Soins

Pas de pied, pas de cheval !

A écouter son maréchal-ferrant, on comprend très vite quelle est la signification de la célèbre phrase : « Pas de pied, pas de cheval ! ». En la matière, la prévention est la seule règle qui vaille. Pour vous permettre de ménager votre monture et de voyager loin, voici tout ce qu’il faut savoir en matière d’entretien du pied.

À écouter son maréchal-ferrant, on comprend très vite quelle est la signification de la célèbre phrase : « Pas de pied, pas de cheval ! ». En la matière, la prévention est la seule règle qui vaille.


Pour vous permettre de ménager votre monture et de voyager loin, voici tout ce qu’il faut savoir en matière d’entretien du pied.

Les problèmes auxquels sont fréquemment exposés les pieds des chevaux sont de trois ordres : les fourchettes pourries, les lacunes médianes molles (et donc douloureuses) et les lambeaux de corne formant des cavités enfermant des impuretés qui, après macération, provoquent des abcès.

 

Les fourchettes pourries

Les causes du pourrissement d’une fourchette sont nombreuses :

• Nettoyage du pied trop superficiel après le travail.
• Graissage du pied trop intensif. On doit graisser un pied une fois par jour par temps humide, de façon à ce que l’eau puisse s’évacuer.
• Graissage du pied après la douche du cheval. Conséquence : l’eau reste enfermée dans le pied, macère et ramollit les tissus internes.

Pour éviter ce problème, plusieurs précautions s’imposent:

• Graisser avant d’aller à la douche et non après (photo 1).
• Ne graisser le pied que lorsqu’il est sec.
• Ne pas se contenter de curer le pied, mais le brosser pour ôter toutes les impuretés (photo 2).
• Assurer un entretien régulier du box afin que le cheval ne stationne pas en permanence sur un sol souillé.

Une fois que le mal est fait, il ne reste qu’à mettre en place un protocole de soin :

• Ne pas graisser la sole du pied plus de trois fois par semaine, de façon à donner un peu plus de fermeté à la corne.

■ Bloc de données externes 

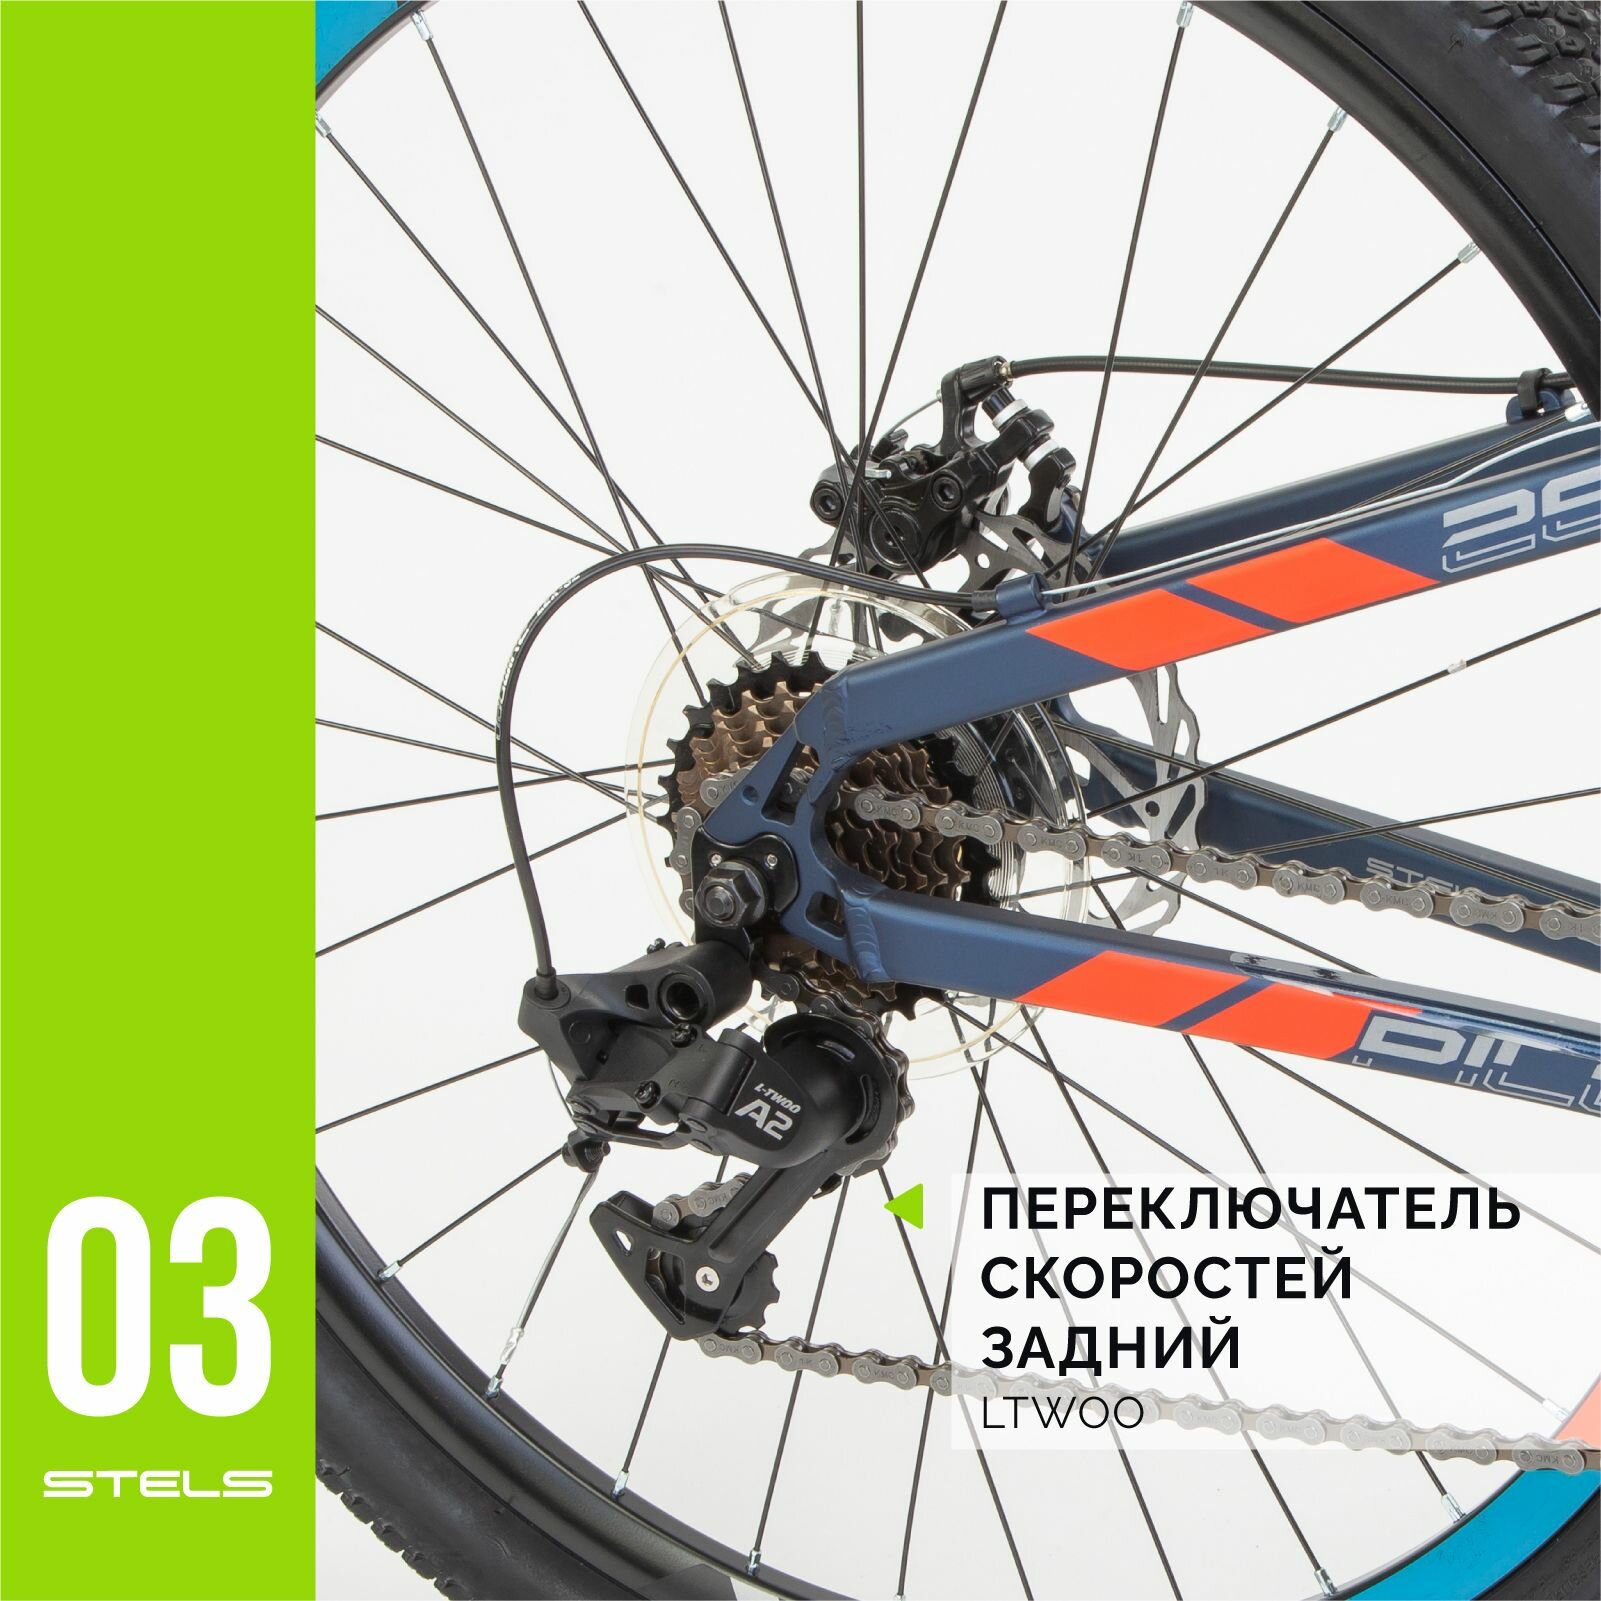 Велосипед складной Pilot-950 MD 26" V011, Тёмно-синий, рама 17.5"

• Fabriquez une nouvelle mèche, aussi large que le trou de la fourchette, que vous humidifierez avant de l’enduire de sulfate de cuivre, que vous aurez préalablement déposé dans une soucoupe. Signalons que le sulfate de cuivre peut être remplacé par de la liqueur de Villatte.


La mèche ainsi préparée sera disposée dans l’axe de la fourchette et placée délicatement au fond de la blessure à l’aide d’un cure-pied. Cette opération est à renouveler tous les jours, jusqu’à ce que la fourchette ne dégage plus une odeur nauséabonde et que le cheval accepte la pression du curepied sans broncher (photo 3).


Avant le travail, il est vivement conseillé de remplacer la mèche de la veille par une autre, vierge de tout produit, qui servira d’écran protecteur entre le fond de la fourchette et le sol.